By the way, those are the only two brands that functionally make cordless phones in this market space. RCA sort of does but only tangentially. Uniden used to but appears to have shifted out of the consumer business. And AT&T? Well, that’s actually V-Tech in disguise. You figure that out pretty quick when you read the instruction manual and find the same text in both. Then if you look closely, you can see that the two companies’ models do have similar buttons just with different packaging.
I poked around eBay for a bit trying to find an older model of cordless phone system that has the features I want that is new enough to use DECT (instead of 2.4 Ghz) but is old enough to still have a voicemail button. As you can imagine, there are tons of phone systems for sale and there is no “voicemail button” feature in the list of ways to search and it isn’t something that most listings mention. I clicked on a few that I thought were about the right vintage and checked instructions only to discover the feature set has been the way it currently is for a while.
The solution? Turn down the power of my router’s antenna. Yep. Stupid. But it means I don’t need any new hardware for now. That may put a future replacement purchase even further away from the time when phones had what I needed and therefore it may be harder to find this feature set later. But maybe the features will change for the better. Or maybe my needs will be different.
Oh, I feel I need to justify the landlines. First, the home line is useful for general use. It’s the number we can give to schools, camps, rental car companies, or anyone we, as a household, do business with. The phone rings and we know that it is somebody that doesn’t need us urgently. With a cell phone, the general nature of reaching either my wife or I or whoever is at the house is lost. Also, if my brother is calling my cell, I know I need to answer right away but if he calls the home phone and I’m not home, he leaves a message. In other words, a call to home means “calling to chat if you are home and have time” while a call to the cell means “answer the phone now”. I think it is useful for the “house” to have a phone in addition to the adults in it each having their own phone.

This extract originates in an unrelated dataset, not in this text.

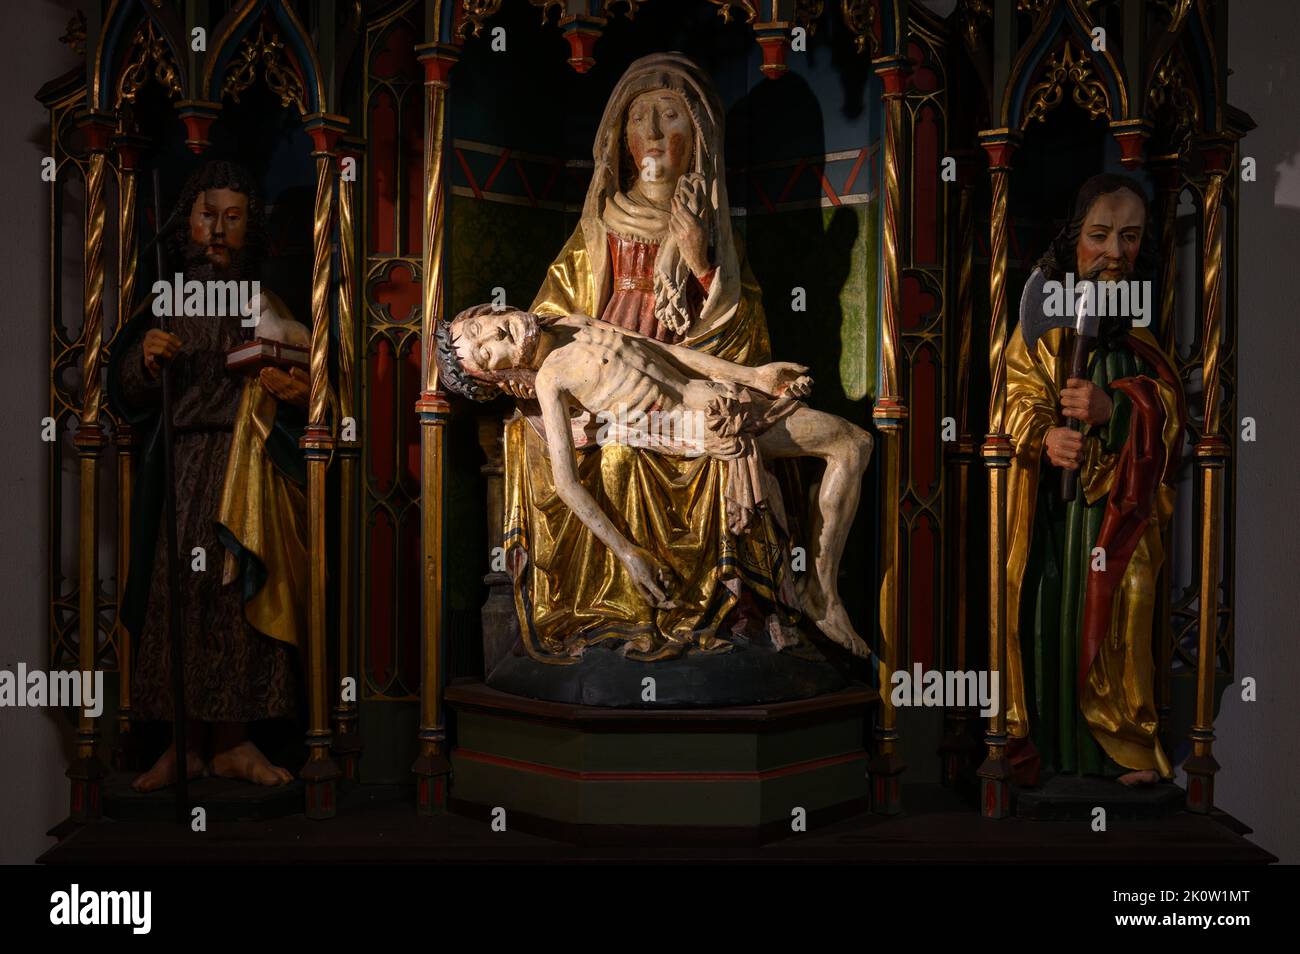 Die Pietà – die Jungfrau Maria, die den Leichnam Jesu umrabelt. Die Benediktinerabtei St. Maurice und St. Maurus von Clervaux. Clervaux, Luxemburg. Stockfoto

Second, the work land line is important for work. I spend enough time on the phone that I’d blow through my cell phone battery. Also, signal at my house isn’t great now. Most importantly, I despise the cell phone delay (introduced when switching from analog to digital cell signals!). When I’m talking to somebody, I want the conversation to be immediate. Without it, you end up having a stilted exchange that can’t be described as a conversation. And again, with so much time on the phone for work, that would make me less productive. In the future, I can see the battery problem becoming less of a hindrance as battery technology improves and docking options become more plentiful. And now, my iPhone will do WiFi Calling over my home network which greatly improves the connection. But the WiFi calling isn’t fully reliable yet (I don’t know why) so I end up failing back to the also somewhat unreliable cell connection sometimes and that frequently has the built in delay. Put simply, I feel landlines are better at doing the fundamental job of providing a tool for conversation. And while cell phones are obviously way more flexible, I don’t want to compromise the fundamental job of conversation for the sake of flexibility.